Insufficient operational changes in the first case is a related driver. Prepacks that focus on financial restructuring sometimes leave the operational footprint intact: the first filing reduces debt but does not close underperforming stores, exit unprofitable contracts, or restructure the cost base. The 38-LMT academic study covered in the LMT economics article found that 37% of post-LMT companies eventually filed for bankruptcy, suggesting that LMT-driven prepacks often defer rather than resolve distress.
The Spirit Airlines Chapter 22 illustrates the operational compounding pattern in concentrated form. The first filing (Nov 18, 2024) was a financial-only restructuring with a $300 million DIP from existing bondholders; it converted $795 million of debt to equity, deleveraging the balance sheet but leaving the operational footprint substantially intact. By March 2025, Spirit emerged after 114 days. Five months later, the second filing was forced by a combination of AerCap (Spirit's largest aircraft lessor) terminating leases on a significant portion of the A320 fleet in July 2025, PW1100G engine manufacturing defects grounding 38 of Spirit's A320neo aircraft (with 79 GTF engines requiring 250-300 day off-wing maintenance over the following two years), and a Q2 2025 net loss of $246 million. The second case required a $475 million multi-tranche DIP, fleet reduction from 214 aircraft to 76-80 by Q3 2026, furlough of approximately 1,800 flight attendants effective December 1, 2025, 270 pilot furloughs effective November 1, 2025, and demotion of 140 captains to first officers in late 2025. The cumulative pattern shows that operational issues compound when the first case ducks them; the second case must address what the first case avoided, often through forced liquidation-adjacent restructuring.
What Changes the Second Time Around
Repeat filings typically proceed faster than first filings. The same lenders often roll forward as DIP providers; plan negotiation is compressed because the parties already know what failed; and the case often moves directly to a sale or liquidation rather than another reorganization. Joann's January 2025 filing closed all stores by May 2025; Rite Aid's May 2025 filing similarly moved rapidly toward closure of all 1,240 stores.

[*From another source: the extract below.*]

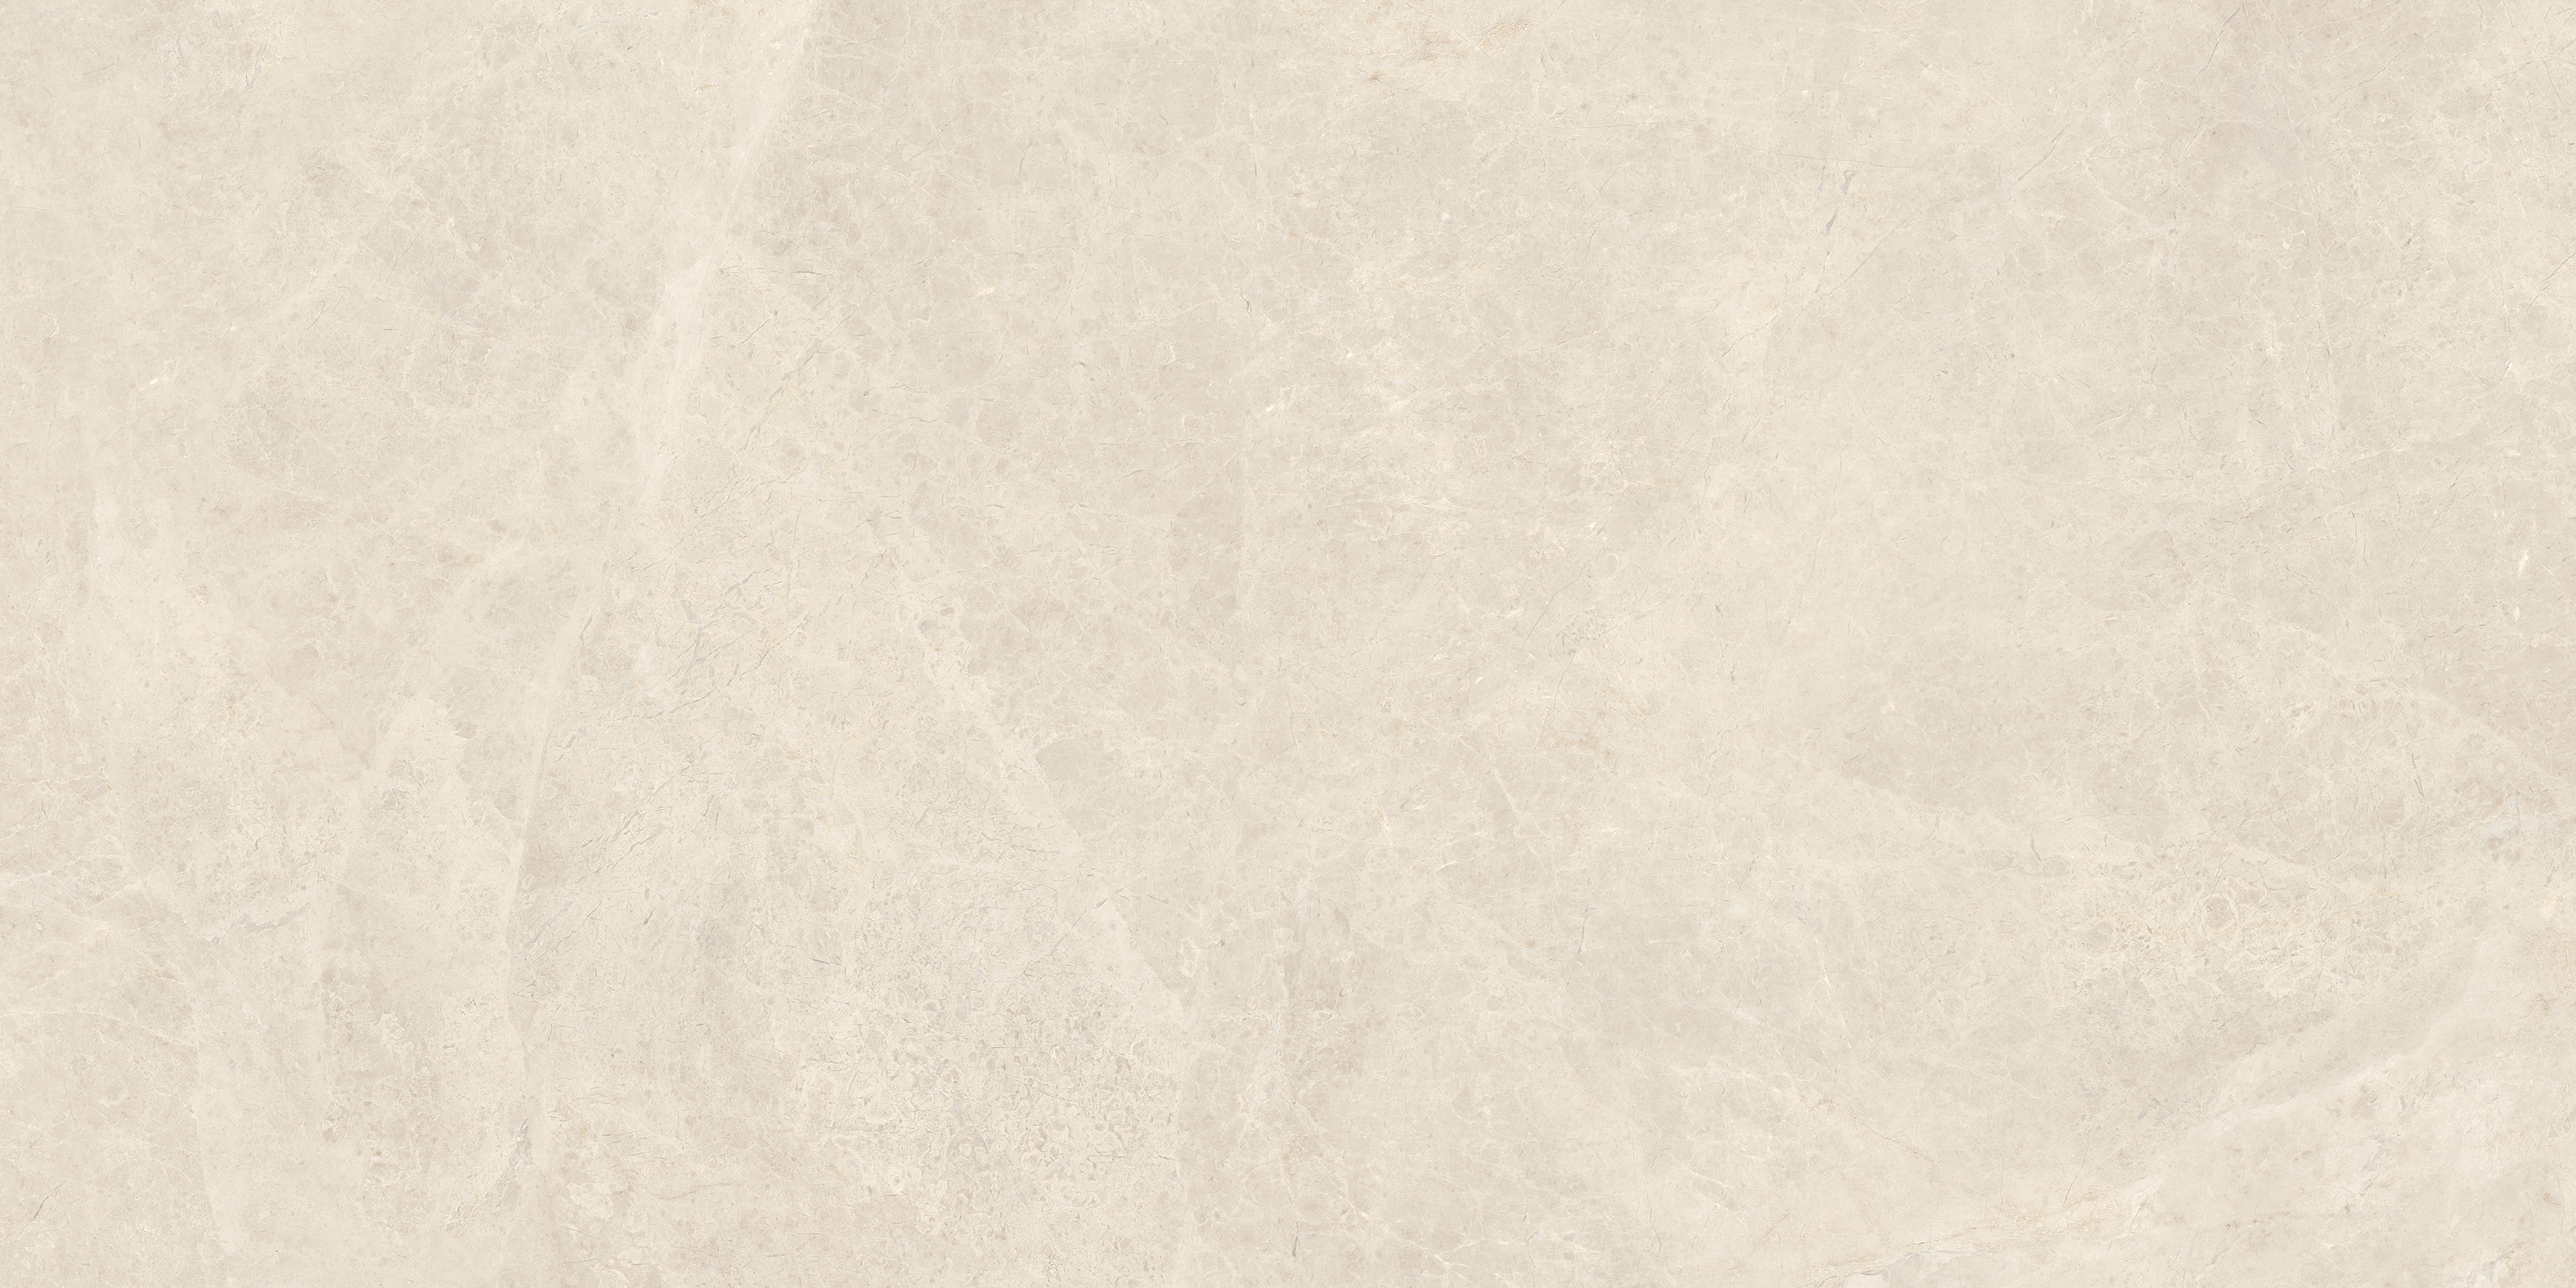 allure ivory pattern glazed porcelain field tile from mayfair anatolia collection distributed by surface group international matte finish rectified edge 16x32 rectangle shape

The economic and procedural dynamics of a Chapter 22 also differ from a first filing:
- DIP terms are typically tighter: the lender knows the company has already failed once, so milestone covenants are aggressive, the variance permitted on the budget is narrower, and the roll-up ratios sometimes rise
- Equity recovery is essentially zero in nearly every Chapter 22, because the equity issued in the first emergence is wiped out in the second case
- Vendor and lessor relationships are often more strained because counterparties have already been impaired once and are reluctant to extend credit or negotiate concessions
- Bankruptcy court scrutiny of feasibility under Section 1129(a)(11) is heightened: the court has the demonstrated history of operational distress and may refuse to confirm a plan that does not credibly address the underlying issues
For RX bankers, advising on a Chapter 22 also presents distinct challenges. The fee economics are typically lower than first filings (because the smaller estate cannot support the same advisor budget), but the work is often harder (because the operational restructuring that the first case skipped must now be addressed). Cases that ultimately liquidate rather than reorganize often produce administrative-insolvency risk, with professional fees competing with priority claims for limited estate value.
Chapter 22 is the structural reminder that bankruptcy is not always durable resolution. Understanding the refile drivers and recent 2025 examples helps any restructuring banker evaluate long-run case outcomes.